§ **Work to complete**: Leave out the pictures and reproduce all of the data exactly.

─── Entries provided ───

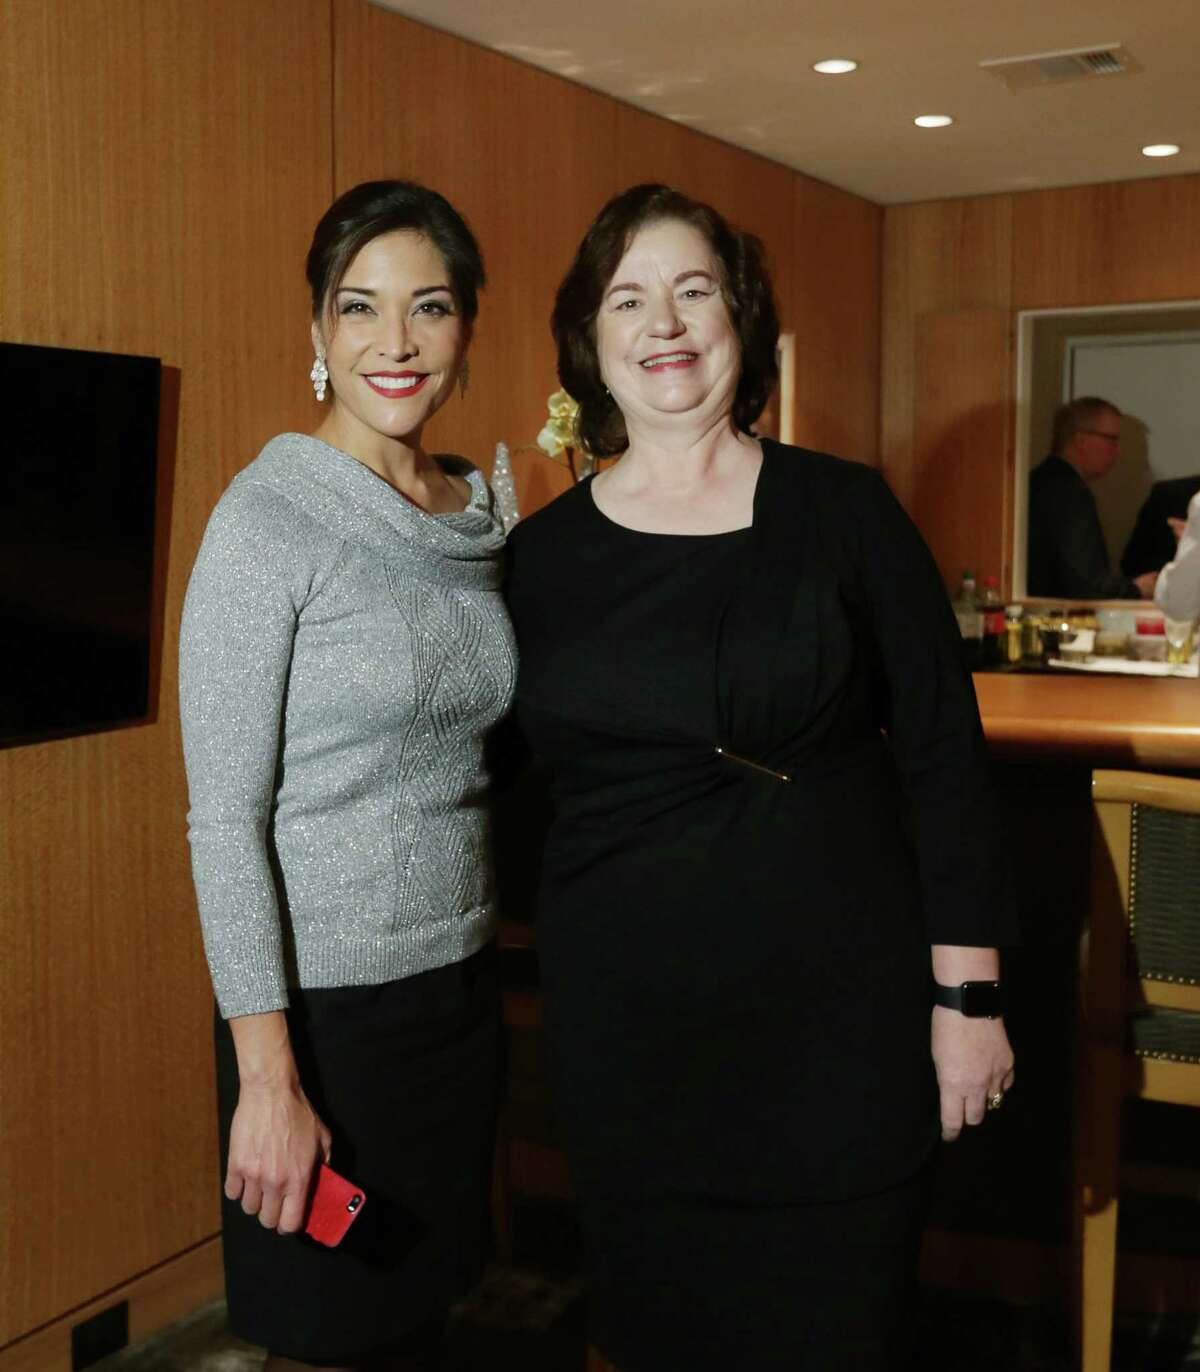 Lisa Foronda and Katy Caldwell
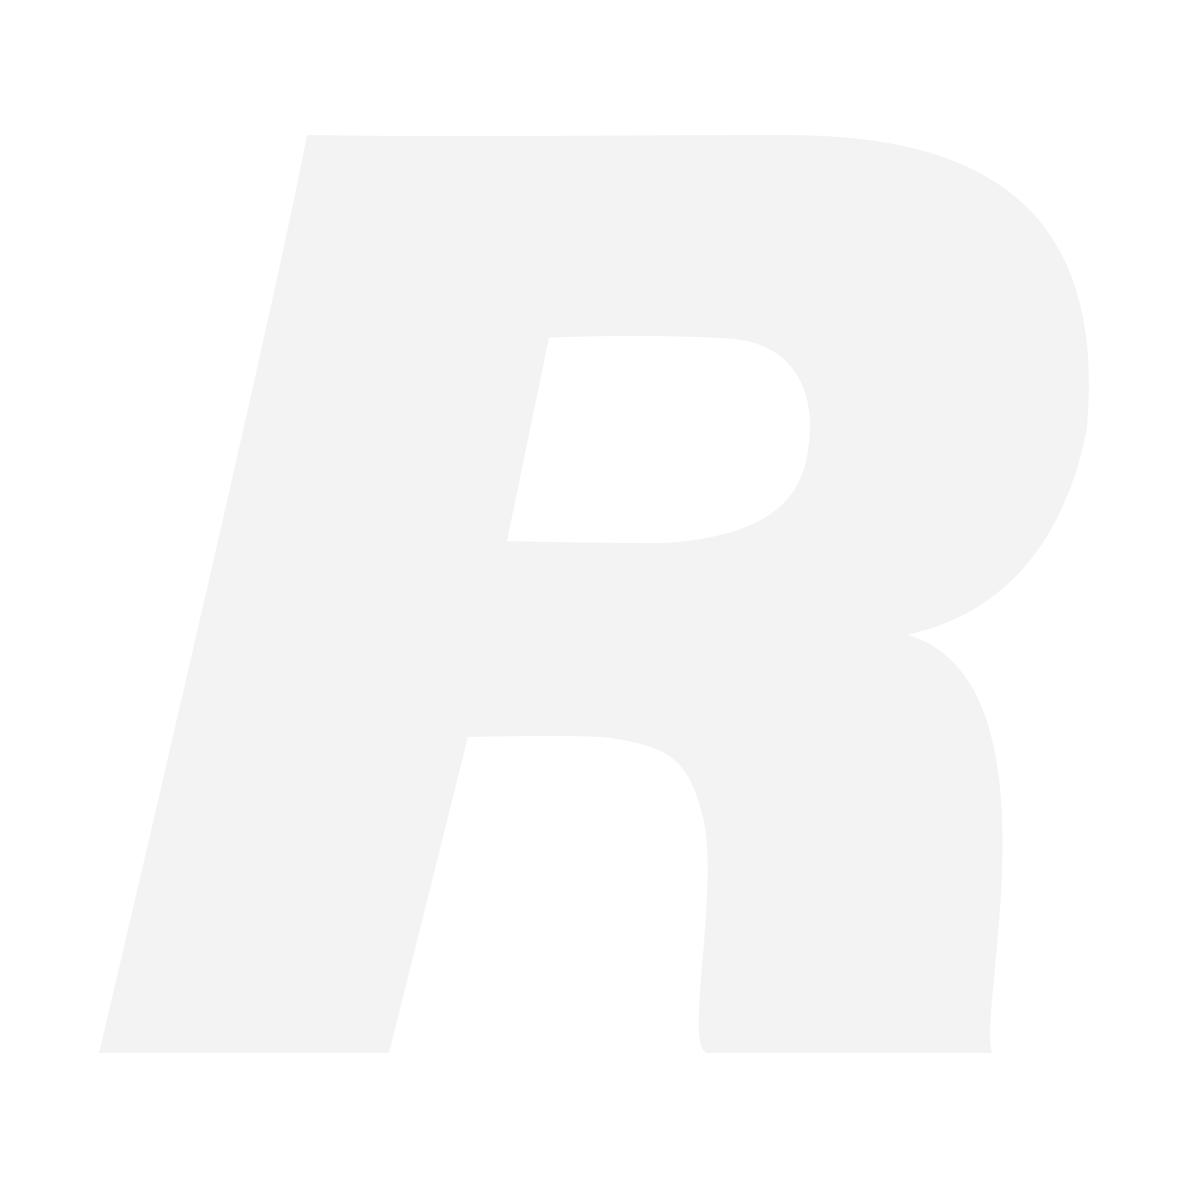 Zeiss Sonnar T* SEL 24mm f/1.8 ZA -objektiv
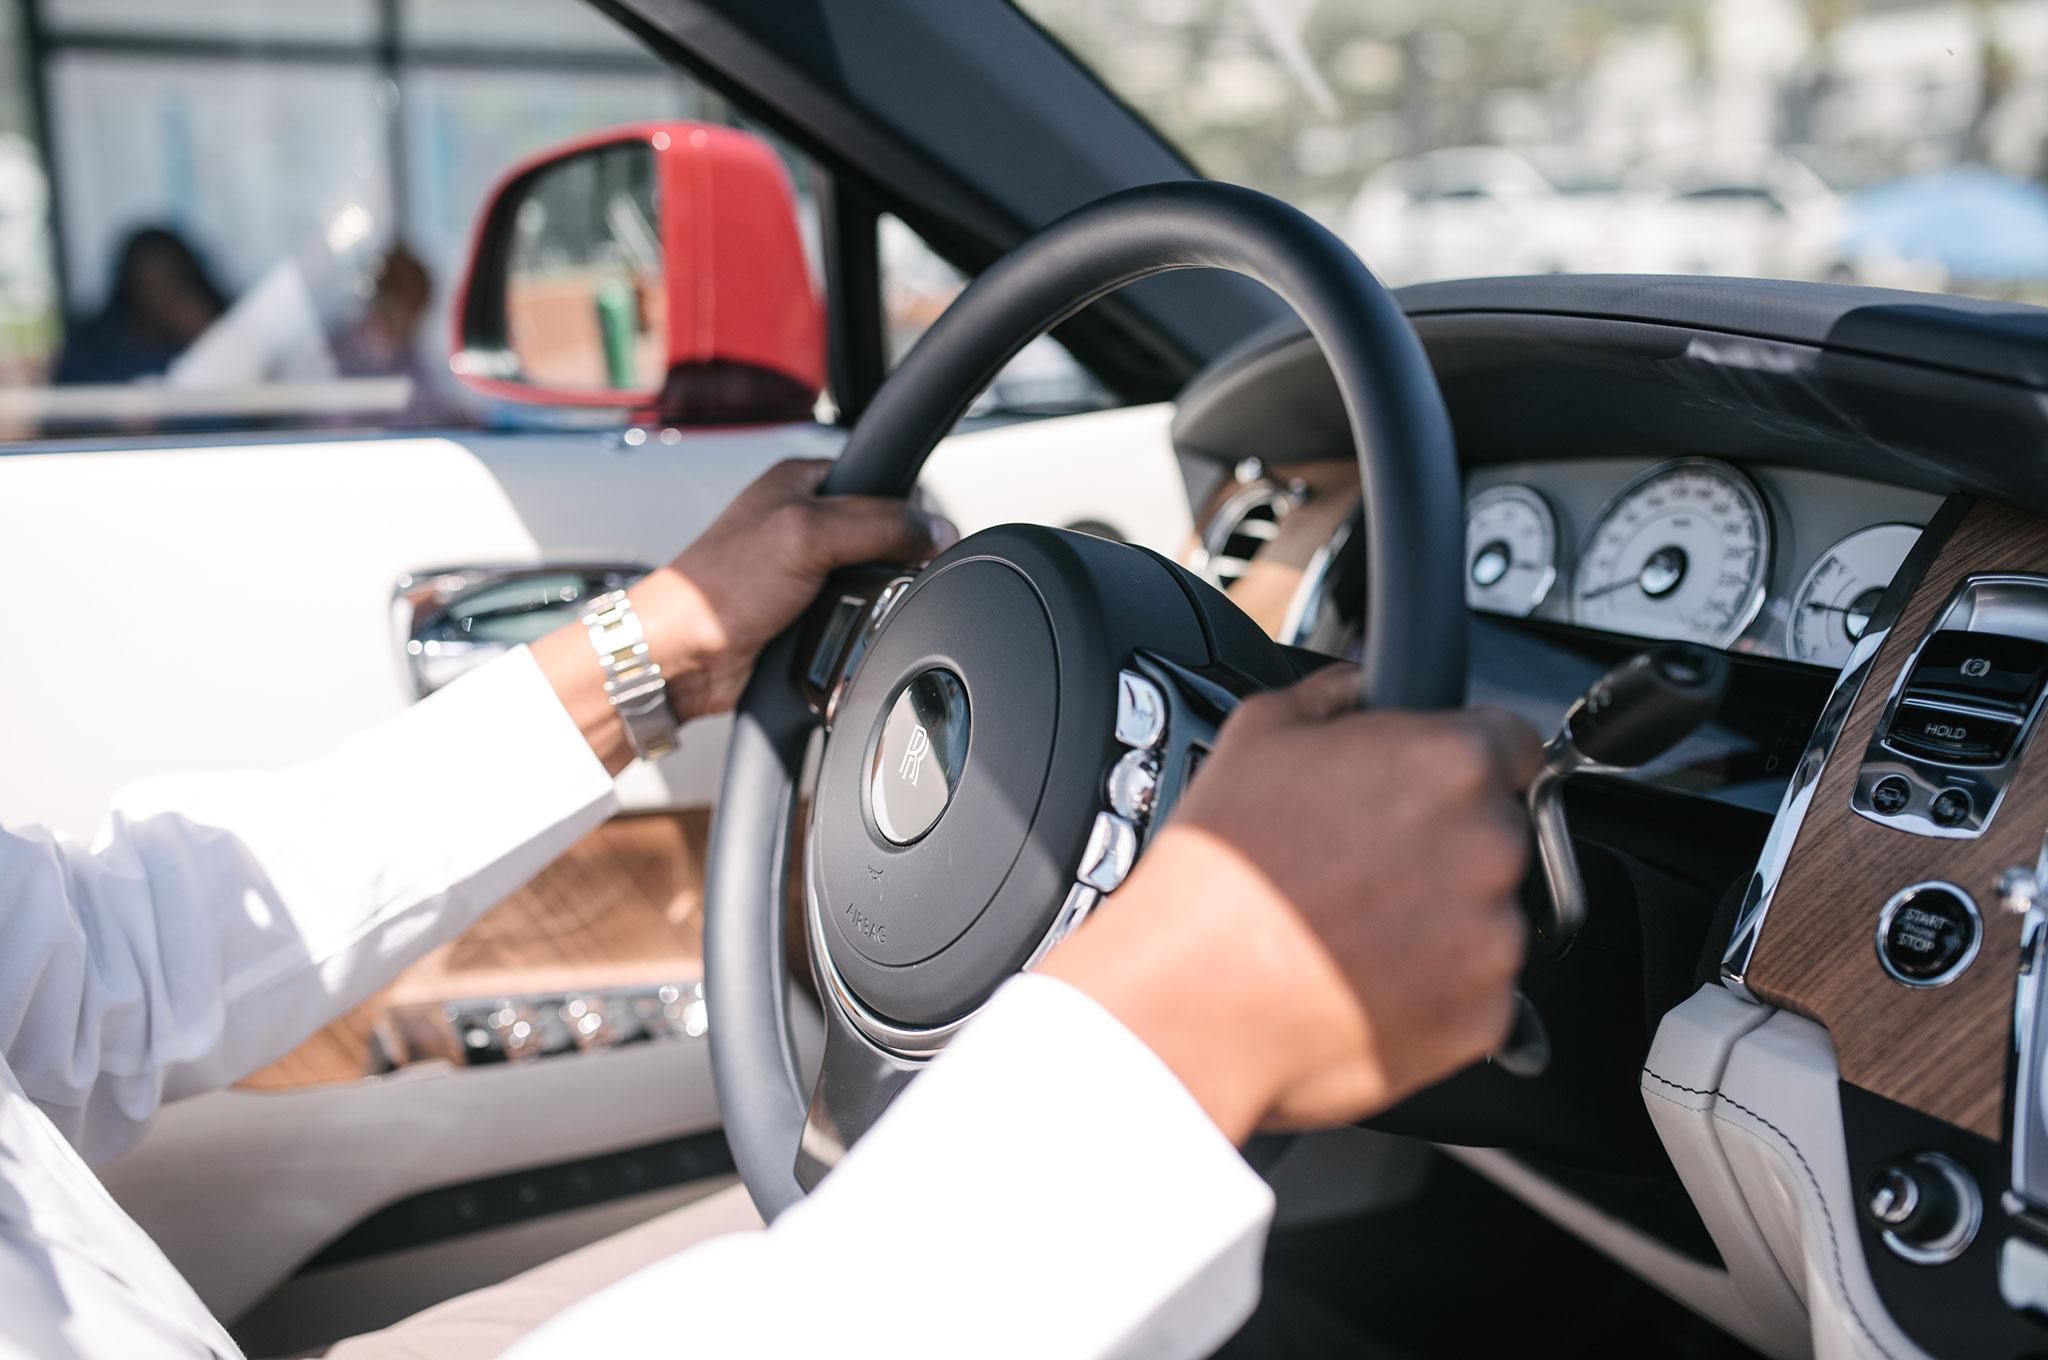 2016-Rolls-Royce-Dawn-steering-wheel.jpg
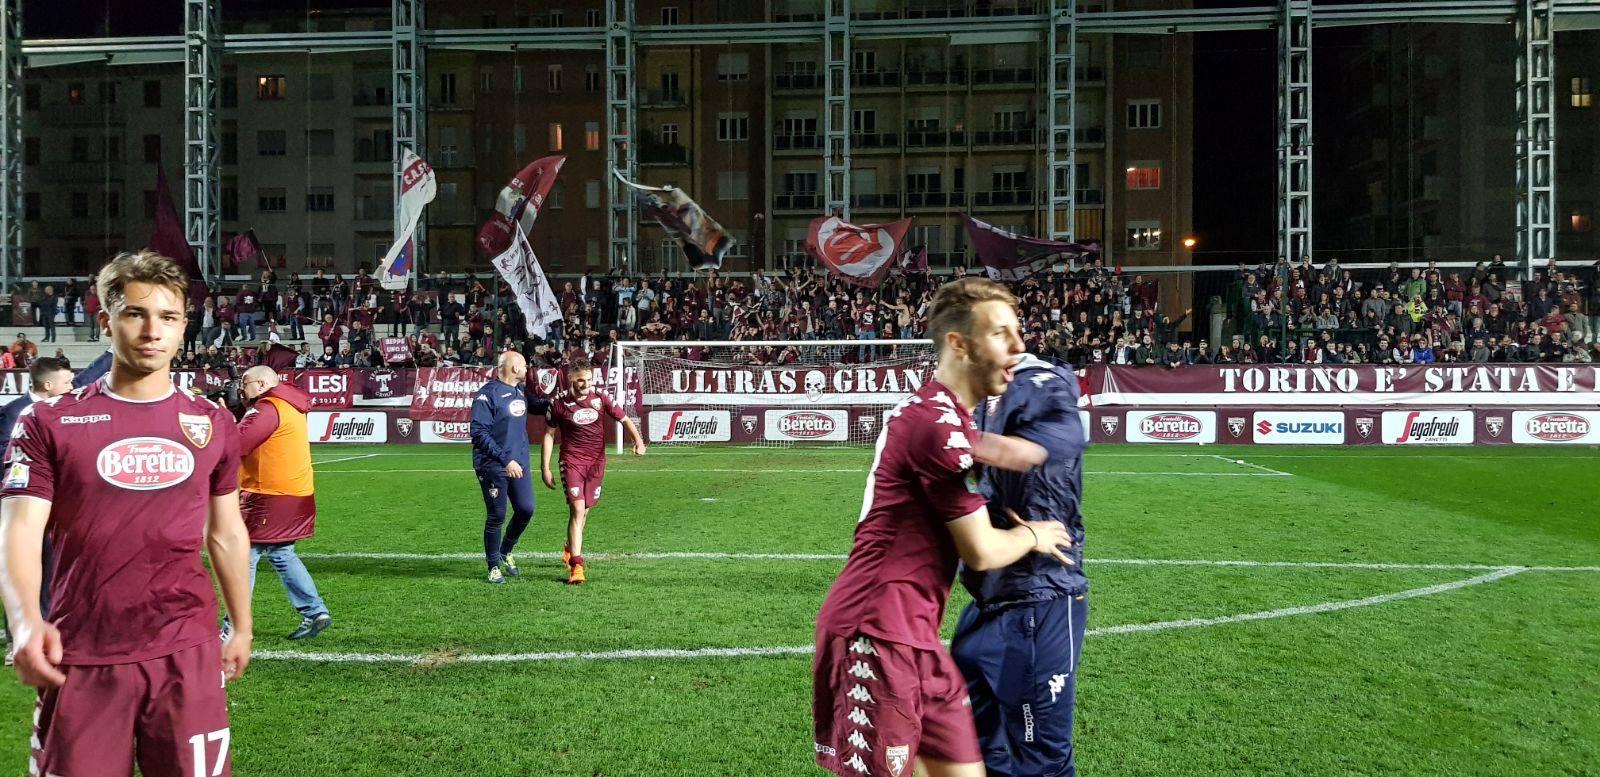 Nhận định bóng đá Torino vs Inter Milan, 17h30 ngày 8/4
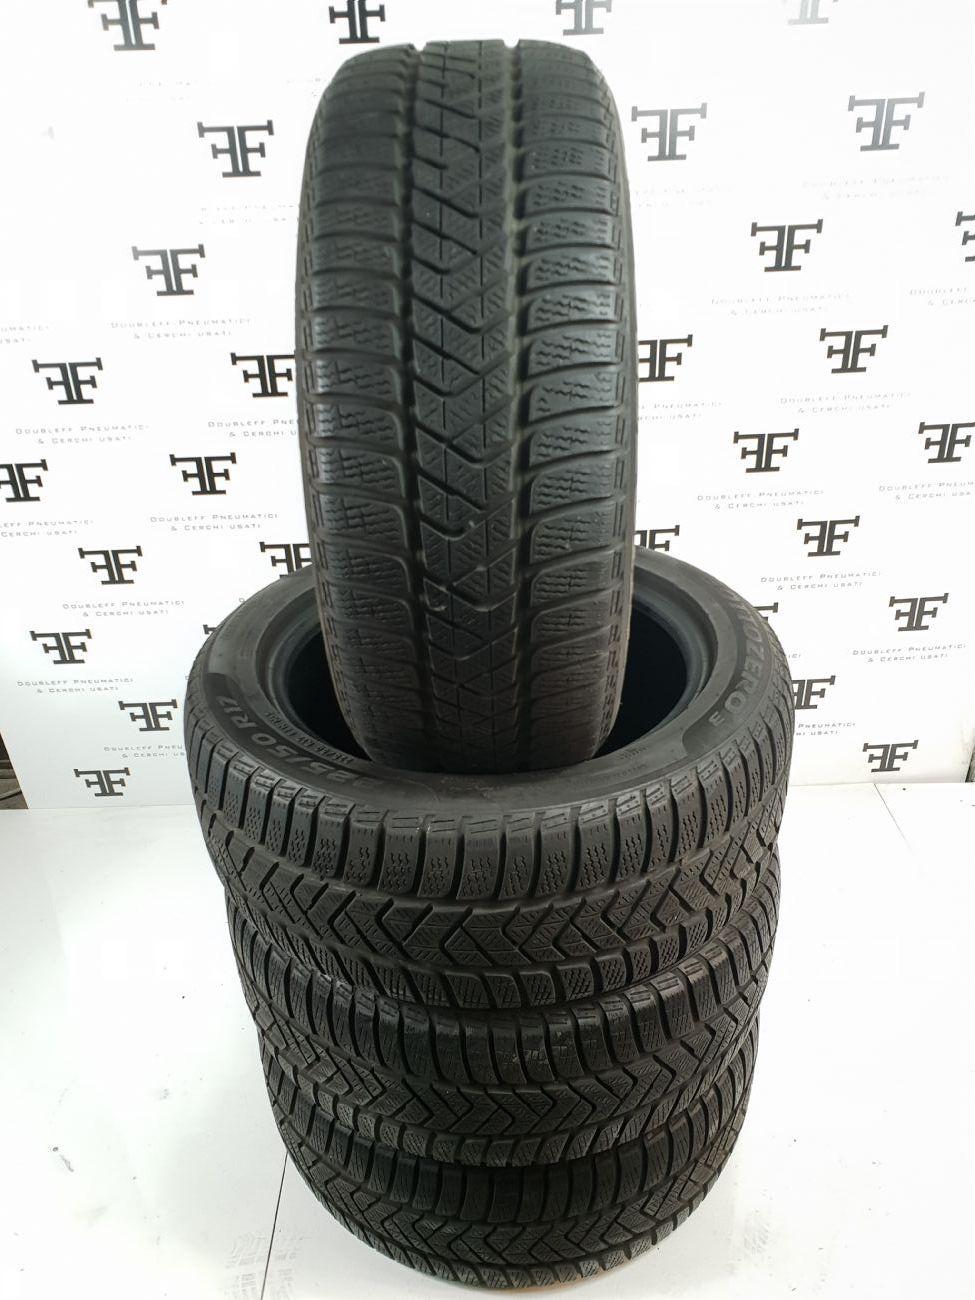 pneumatici 225 50 r17 94 h pirelli winter sottozero 3. Black Bedroom Furniture Sets. Home Design Ideas

───

§ **Response area**:
 Lisa Foronda and Katy Caldwell
 Zeiss Sonnar T* SEL 24mm f/1.8 ZA -objektiv
 2016-Rolls-Royce-Dawn-steering-wheel.jpg
 Nhận định bóng đá Torino vs Inter Milan, 17h30 ngày 8/4
 pneumatici 225 50 r17 94 h pirelli winter sottozero 3. Black Bedroom Furniture Sets. Home Design Ideas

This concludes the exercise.